6. The main issue in the appeal before the Tribunal had been the credibility of the appellant's claim to be homosexual. In a lengthy determination, the judge made detailed findings as regards the appellant's credibility and found that the appellant was not homosexual and that his past account detailing difficulties arising from homosexual relationships was not true. He found that the appellant would not face a risk on return to Cameroon. The judge was aware of the application made by the appellant's solicitors to the Bamber Foundation because he refers to it at [49] et seq. He observed that, "as being gay is not an illness or a mental disorder, such a report from a psychiatrist or psychologist would add little to the appellant's claim as it is his credibility and his factual claims that I am to assess. Thus it is not known why an appointment was made with the foundation on this particular point" [50]. The judge noted that the appellant was to have an initial assessment with a psychologist on 30 April 2013. There is no evidence to indicate that the appellant attended that or, indeed, any appointment before October 2013; certainly no report or letter was produced by the Bamber Foundation until 21 October 2013. That report makes no reference to the appellant having been examined in April 2013; Dr Obuaya prepared the report having examined the appellant on 1 October 2013.
7. As regards the magazine/newspaper article, there had been an untranslated copy of the document before the judge. The judge was under no duty to consider it because there was no English translation (see Procedure Rules 2005, paragraph 52(3)).
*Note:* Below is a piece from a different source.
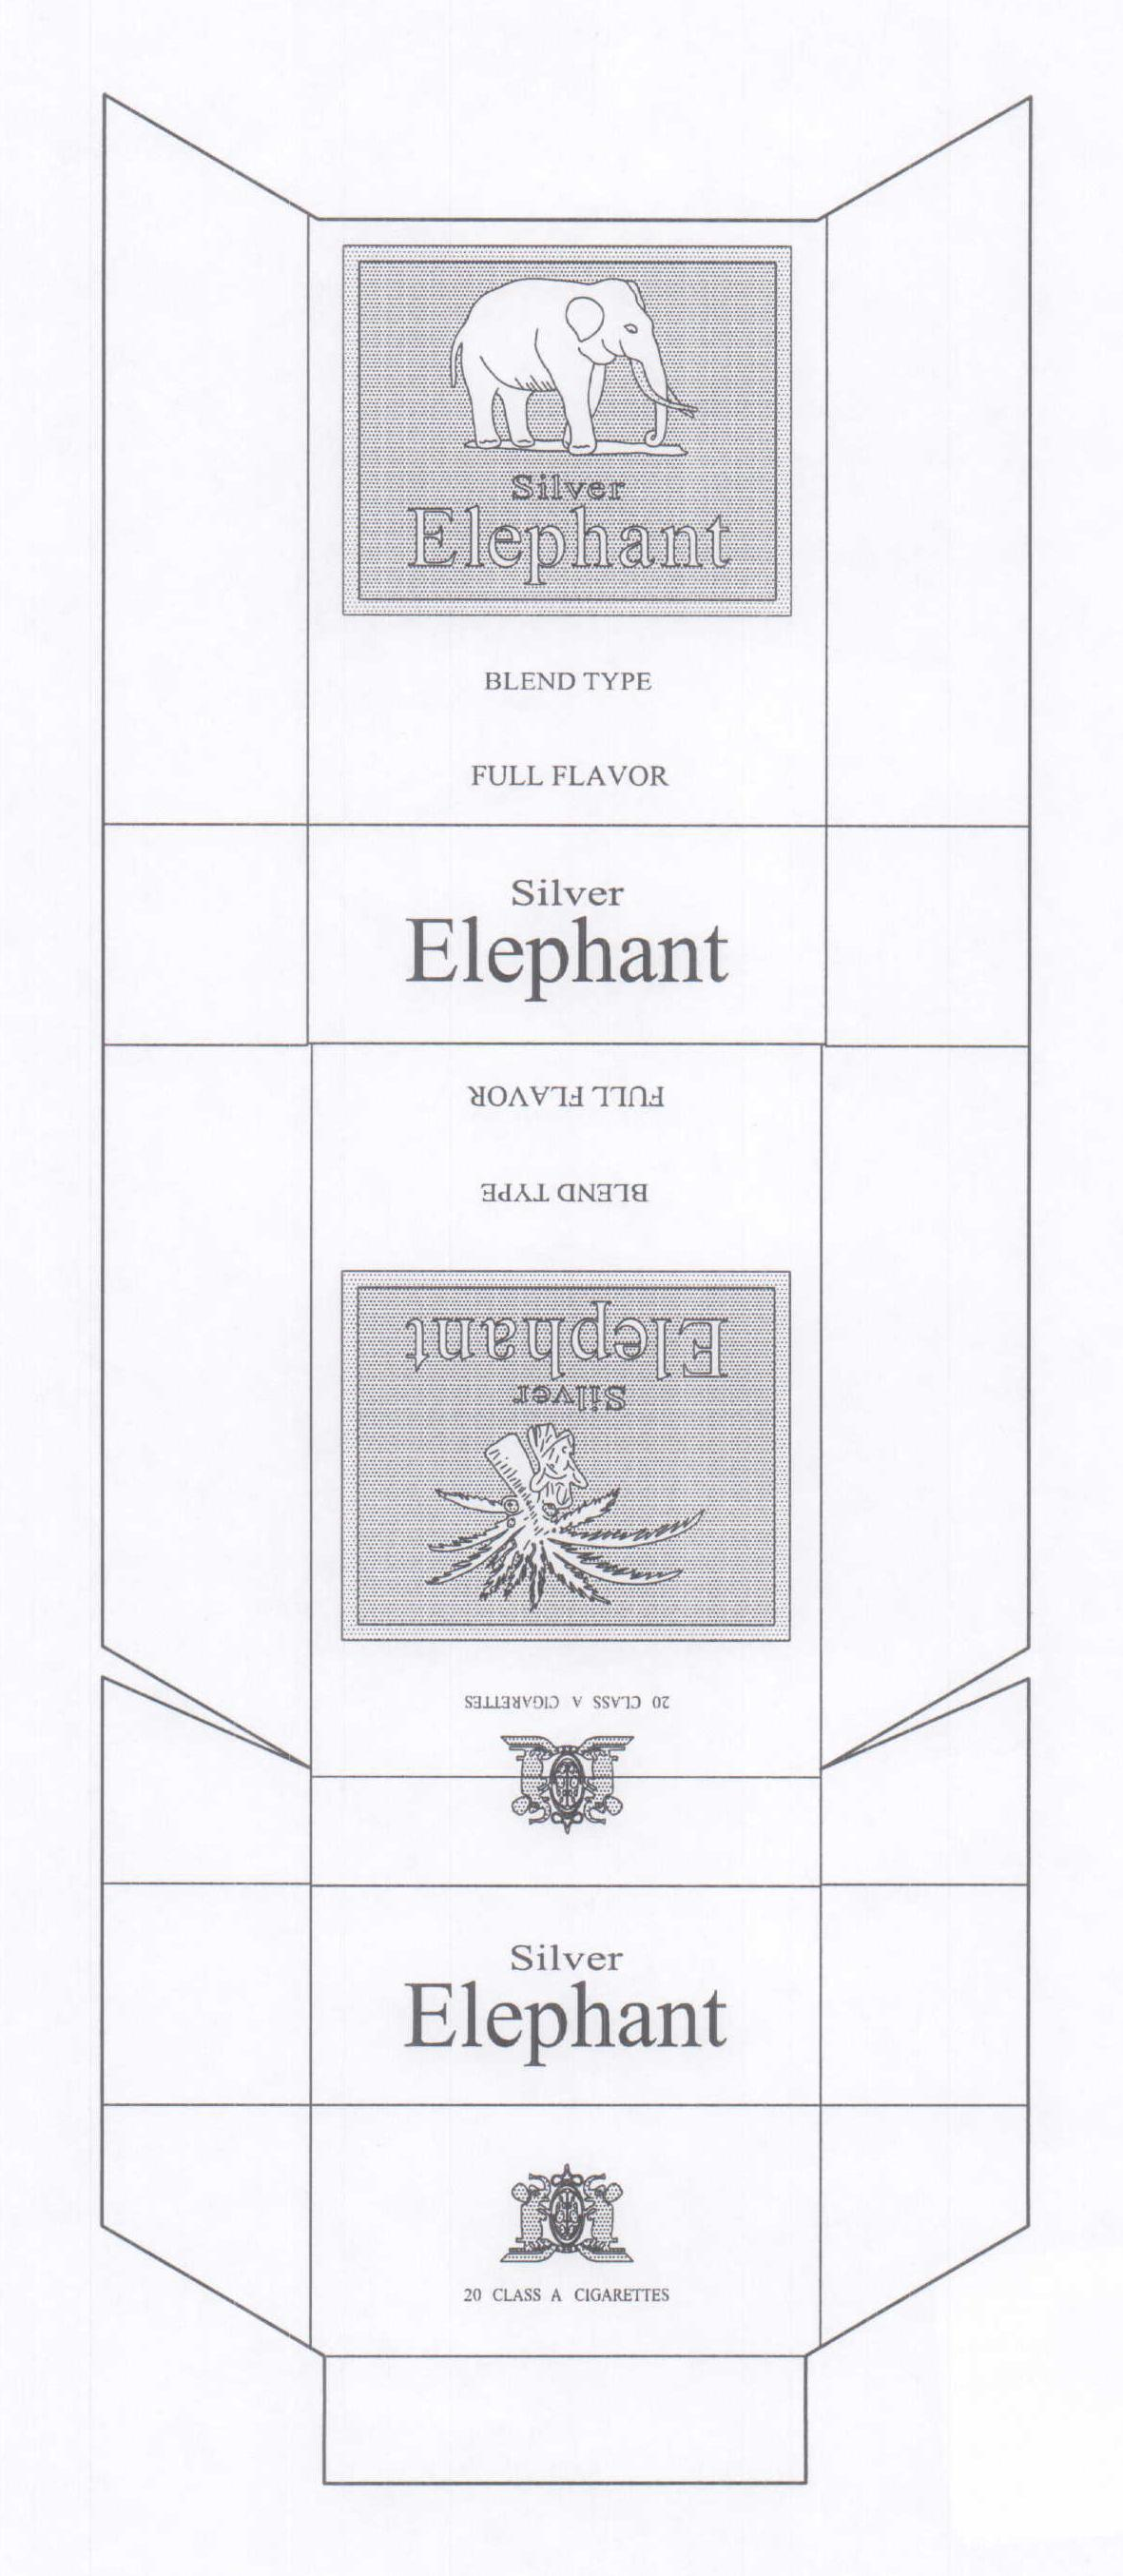  SILVER ELEPHANT BLEND TYPE FULL FLAVOR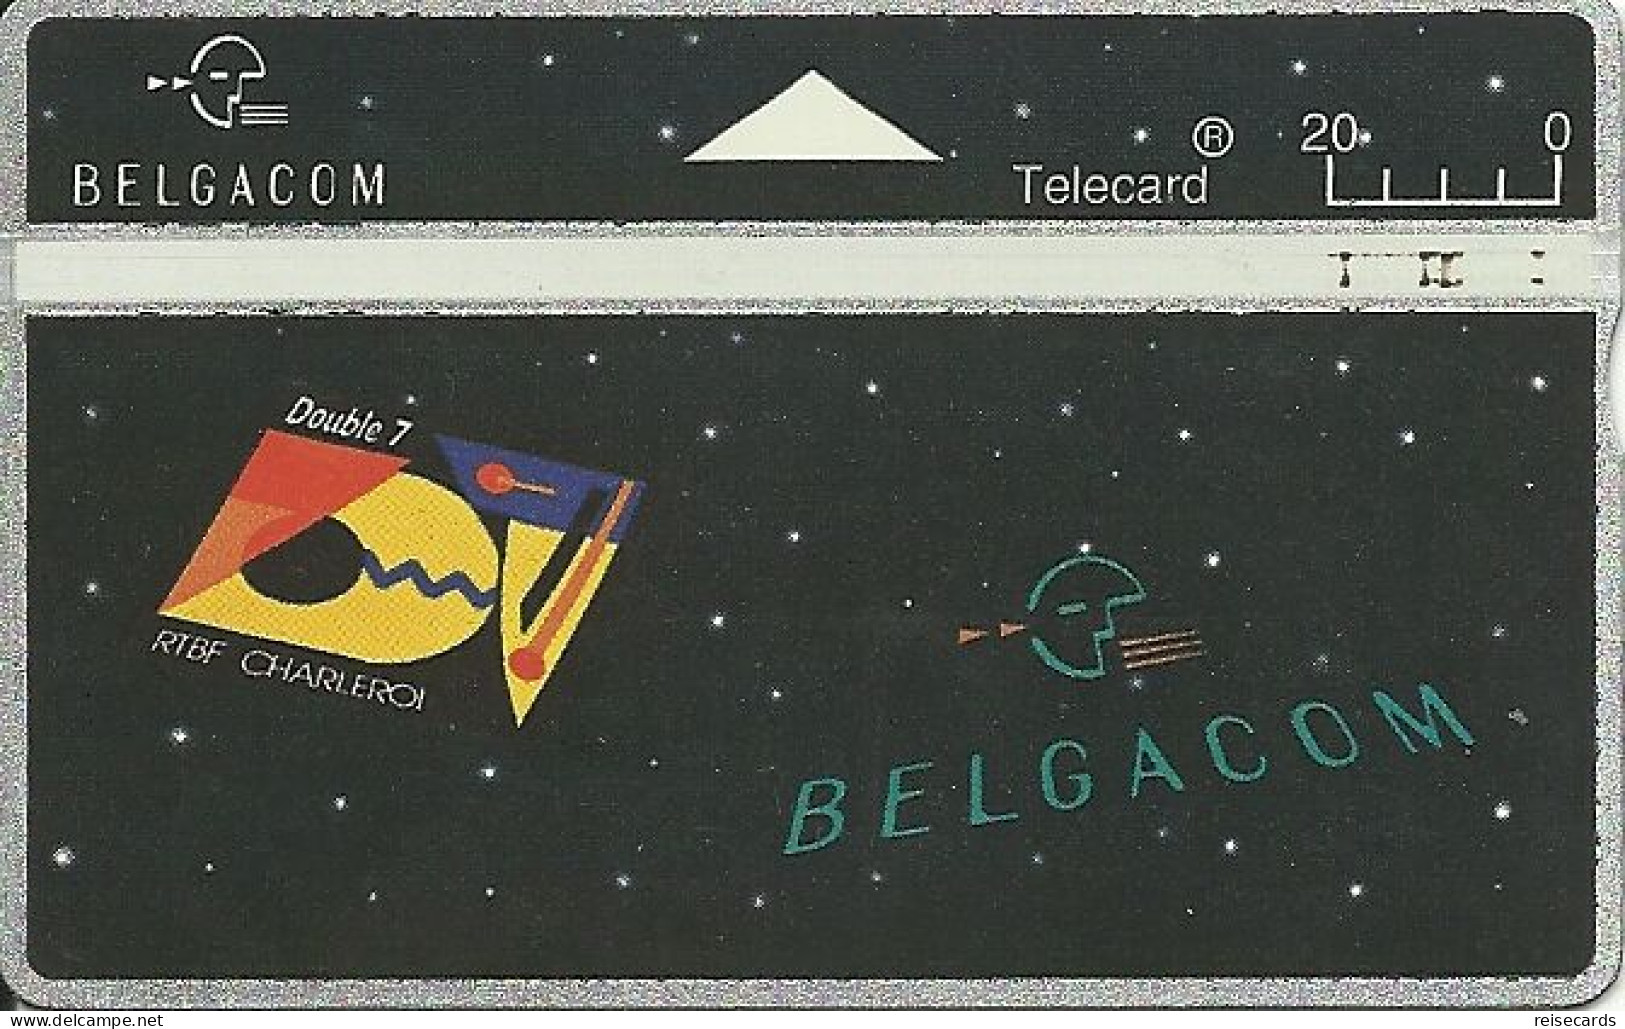 Belgium: Belgacom: 312A Double 7, RTBF Charleroi - Senza Chip

8. I reject Mr Nicholson's submission there was any obligation on the judge to invite the appellant to renew his application for an adjournment. There is no authority to support such a course of action in the 2005 Procedure Rules nor am I aware of any jurisprudence on the issue. Paragraph 21 of the Rules refers to "where a party applies for an adjournment" and to "on the application of a party ..."; clearly, there will be occasions when the Tribunal will, of its own motion and without an application from one of the parties, adjourn a hearing. Such occurrences are, however, likely to be rare and will most likely occur where it is obvious that it would be impossible for the Tribunal justly to determine an appeal without an adjournment. That was not the case in the present appeal. I find that Judge James had no cause to revisit the refusal of an adjournment directed by Designated Judge Taylor. Indeed, Judge James went on in his determination to repeat the reason given by Designated Judge Taylor for refusing the adjournment, namely that a report from the Bamber Foundation was not likely to cast any light upon the appellant's claimed sexuality. I also find that it is likely that the appellant had not attended the psychologist on 30 April 2013 because, if he had done so, that attendance would have been recorded in the report which would have been produced before 21 October 2013. Further, the judge appears to have had no difficulty in understanding the appellant's case and his evidence in respect of which he has made very detailed findings. I find that the judge has properly complied with the provisions of paragraph 21(3) of the 2005 Rules. I find, having regard to the particular circumstances in this appeal, that the Tribunal was right to proceed with the hearing because the appeal could be justly determined without an adjournment. I find that Judge James has given clear and cogent reasons for dismissing the appeal and I have concluded that his determination is free from legal error.
DECISION
9. This appeal is appeal is dismissed.